---- DATA

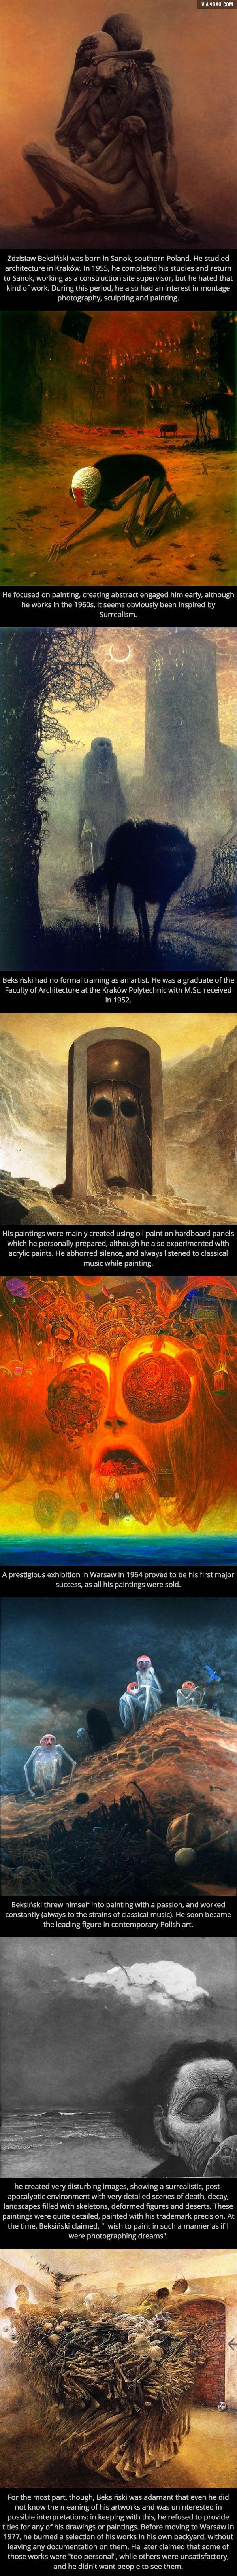 The Beautiful and Horrific Artwork of Zdzisław Beksiński - www.viralpx.com | www.facebook.com/viralpx
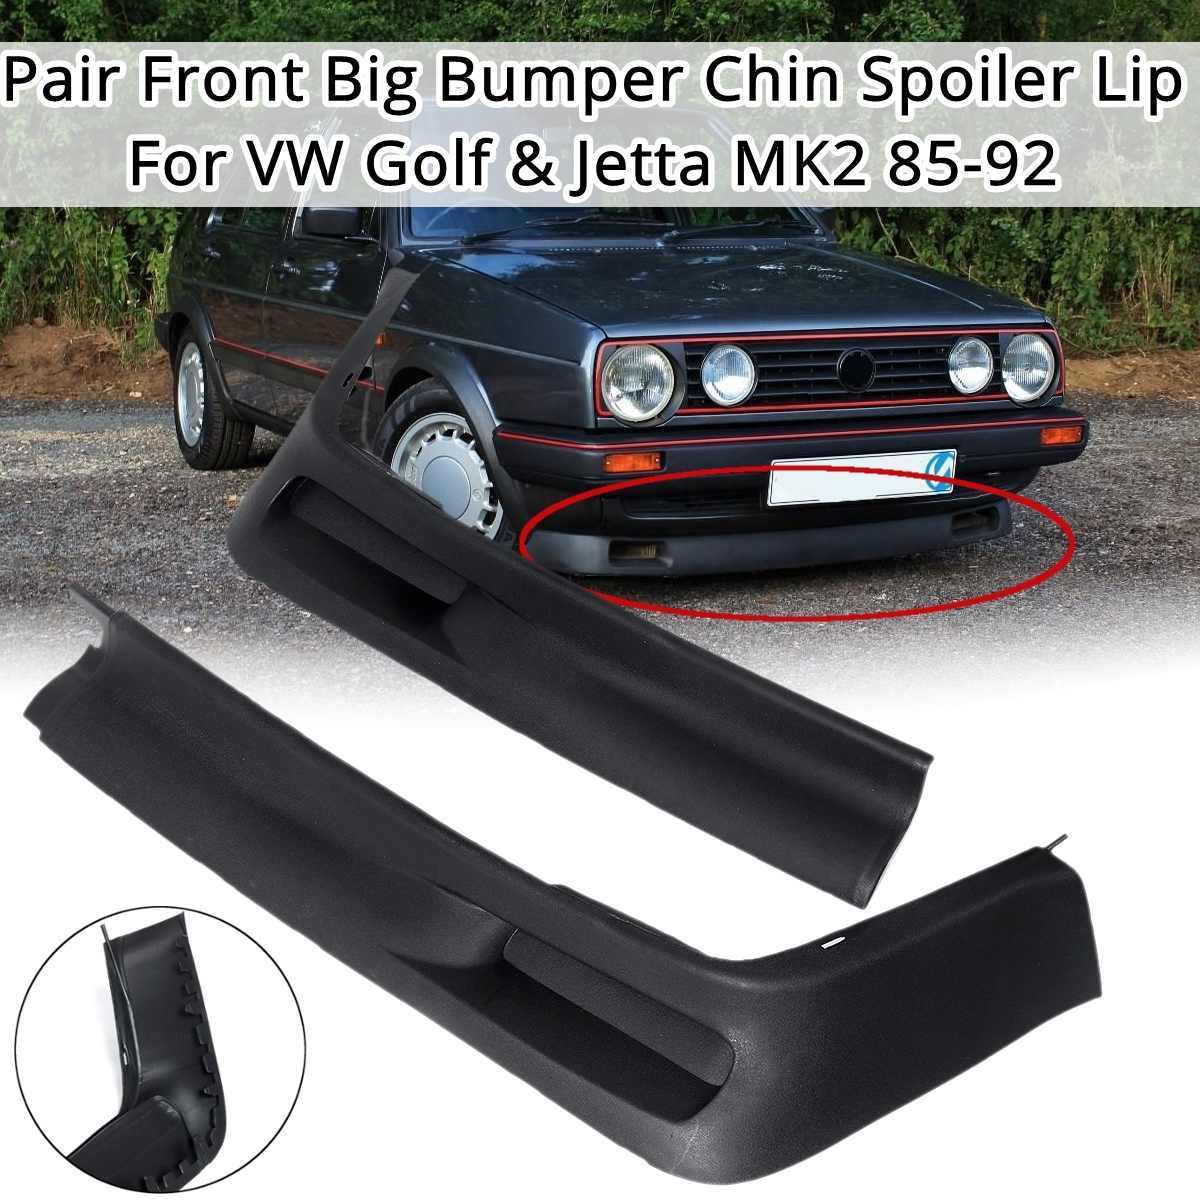 191 853 917 For Vw Golf 2 Mk2 Jetta Gti Big Bumper Side Skirt Jack Flap Front Rear Left Right 90 Spec Points Cover Models Cills Valves Parts Aliexpress
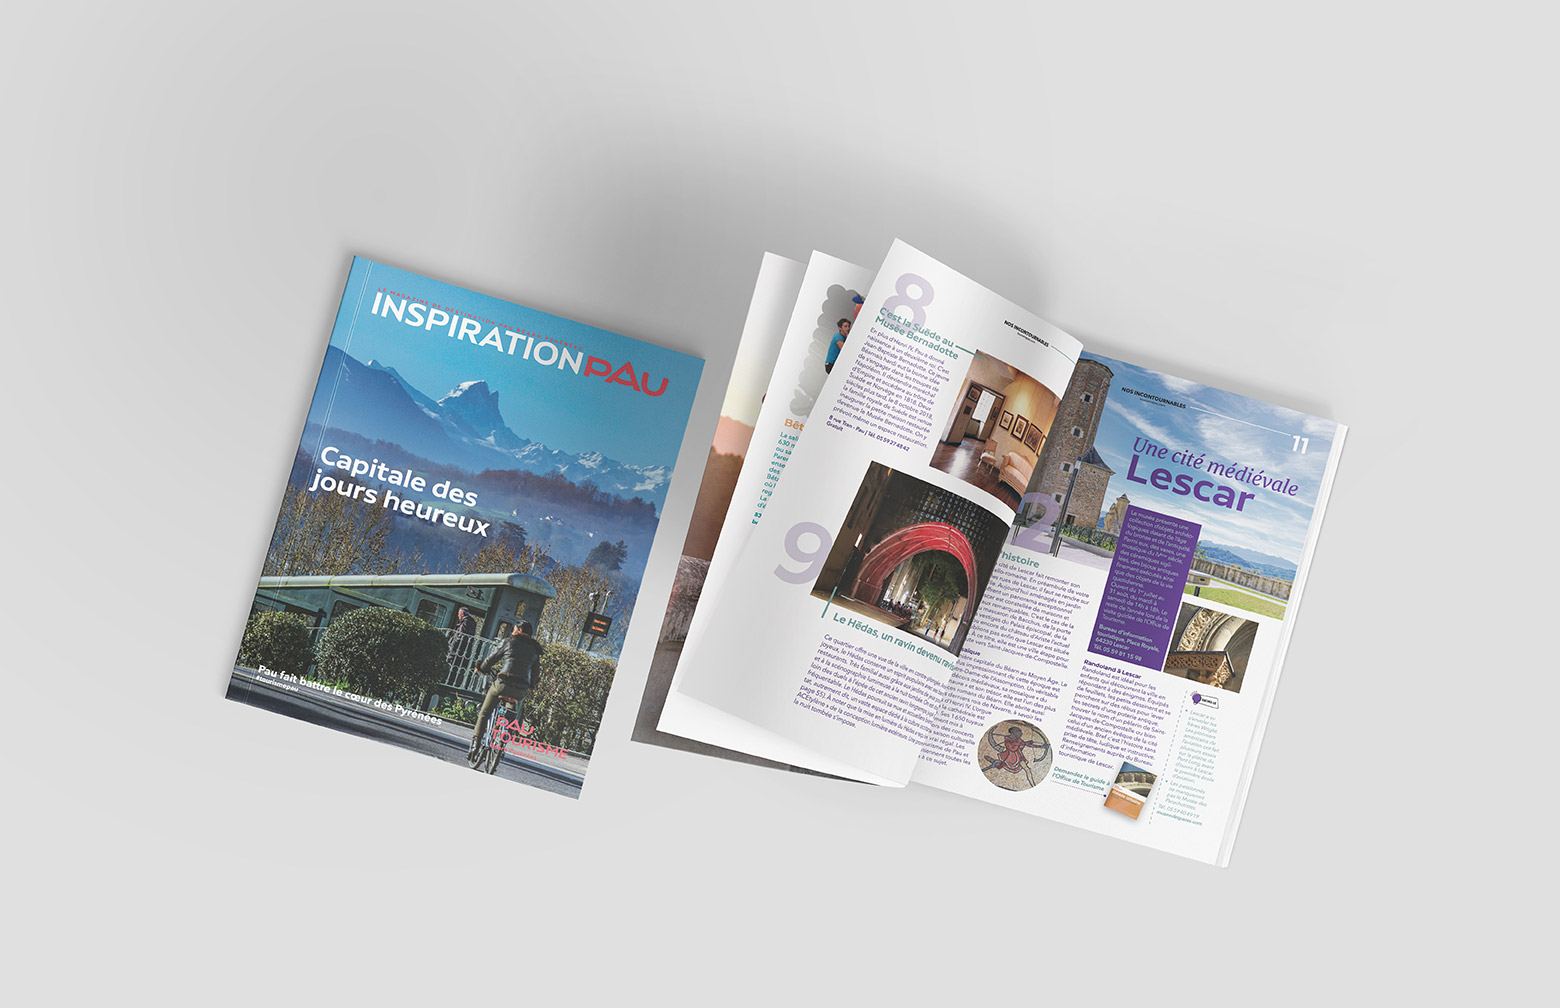 Magazine Inspiration Pau

--------

**EXERCISE INSTRUCTIONS**
Go through the listing above and write it out again exactly, dropping the pictures.

**WRITTEN RESPONSE**
 The Beautiful and Horrific Artwork of Zdzisław Beksiński - www.viralpx.com | www.facebook.com/viralpx
 191 853 917 For Vw Golf 2 Mk2 Jetta Gti Big Bumper Side Skirt Jack Flap Front Rear Left Right 90 Spec Points Cover Models Cills Valves Parts Aliexpress
 Magazine Inspiration Pau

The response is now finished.